Экипажи выехали на площадь, миновали небольшую деревянную будочку городового, окруженную зеленым забором. Внутри такой будочки все было приспособлено для проживания человека: стояла печь, лавка и стол. Во дворе разбит небольшой огород, и висело на протянутой от забора до забора веревке сохнущее белье, бродили в песке куры с цыплятами. Но самого городового было не видно, наверно, спал внутри.

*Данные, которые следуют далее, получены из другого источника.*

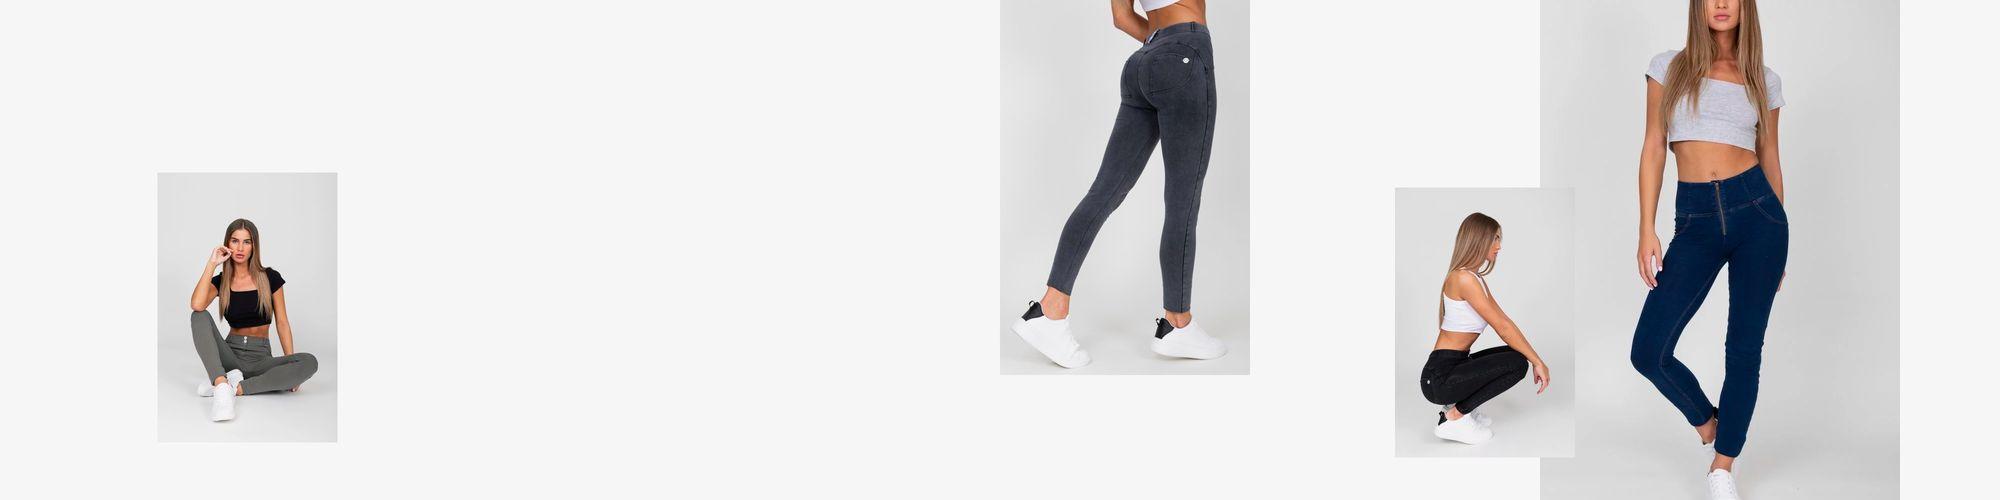 Naskladňujeme Hugz jeans  s push-up efektem!

В Китай-городе движение стало ещё более оживленным: загромыхали железными шинами по неровным мостовым кабриолеты. Это была знакомая, как будто ещё средневековая торговая столица, с её неровными и короткими улицами, извилистыми коленчатыми переулками, разросшимися одичавшими садами, родниками, бьющими из-под камней в какой-нибудь рощице, и прудами. Но уже то там, то здесь становились заметны приметы стремительно наступающего нового времени. Камер – Коллежский вал интенсивно застраивался современными и красивыми зданиями из камня и стекла.
Но в центре этой новой капиталистической Москвы уже появились большие колониальные магазины, рестораны и кондитерские с красивыми выставками разных деликатесов. Великолепные зеркальные витрины ярко сверкая огнями, манили проходивших мимо зевак вызывающей роскошью.
В вечернее время центральные улицы освещались керосиновыми или газовыми фонарями. Но на окраинах, в глухих переулках всё ещё горели подслеповатые фонари, заправляемые конопляным маслом.
Промышленные предприятия города, нуждаясь для технических нужд в воде, строились вдоль берегов рек Москвы и Яузы. За Преображенской, Крестьянской, Калужской заставами, на Воробьевых горах также возникали рабочие слободки и кварталы.
Дворянской, чиновничьей стороной считалась та часть Москвы, которая простиралась от Москвы-реки до Малой Дмитровки и Каретного ряда, и находившимися на ней Остоженкой, Пречистенкой, Арбатом, Поварской, Большой и Малой Никитской. На улицах возвышались дворянские особняки, дворцы с колоннами и фронтонами в стиле ампир. Между ними попадались и дома поскромней, с антресолями и мезонинами, на которых красовались гербы с княжескими шапками и мантиями, с дворянскими коронами, рыцарскими шлемами и страусовыми перьями. Улицы Москвы тогда ещё не имели вида двух высоких, смотрящих друг на друга фасадов. Граничившие между собой владения усадеб с садами, были отделены друг от друга невысокими деревянными заборами. Ворота на которых почти ни у кого не запирались днём на засов и были открыты для проезда с улицы к парадному домашнему крыльцу.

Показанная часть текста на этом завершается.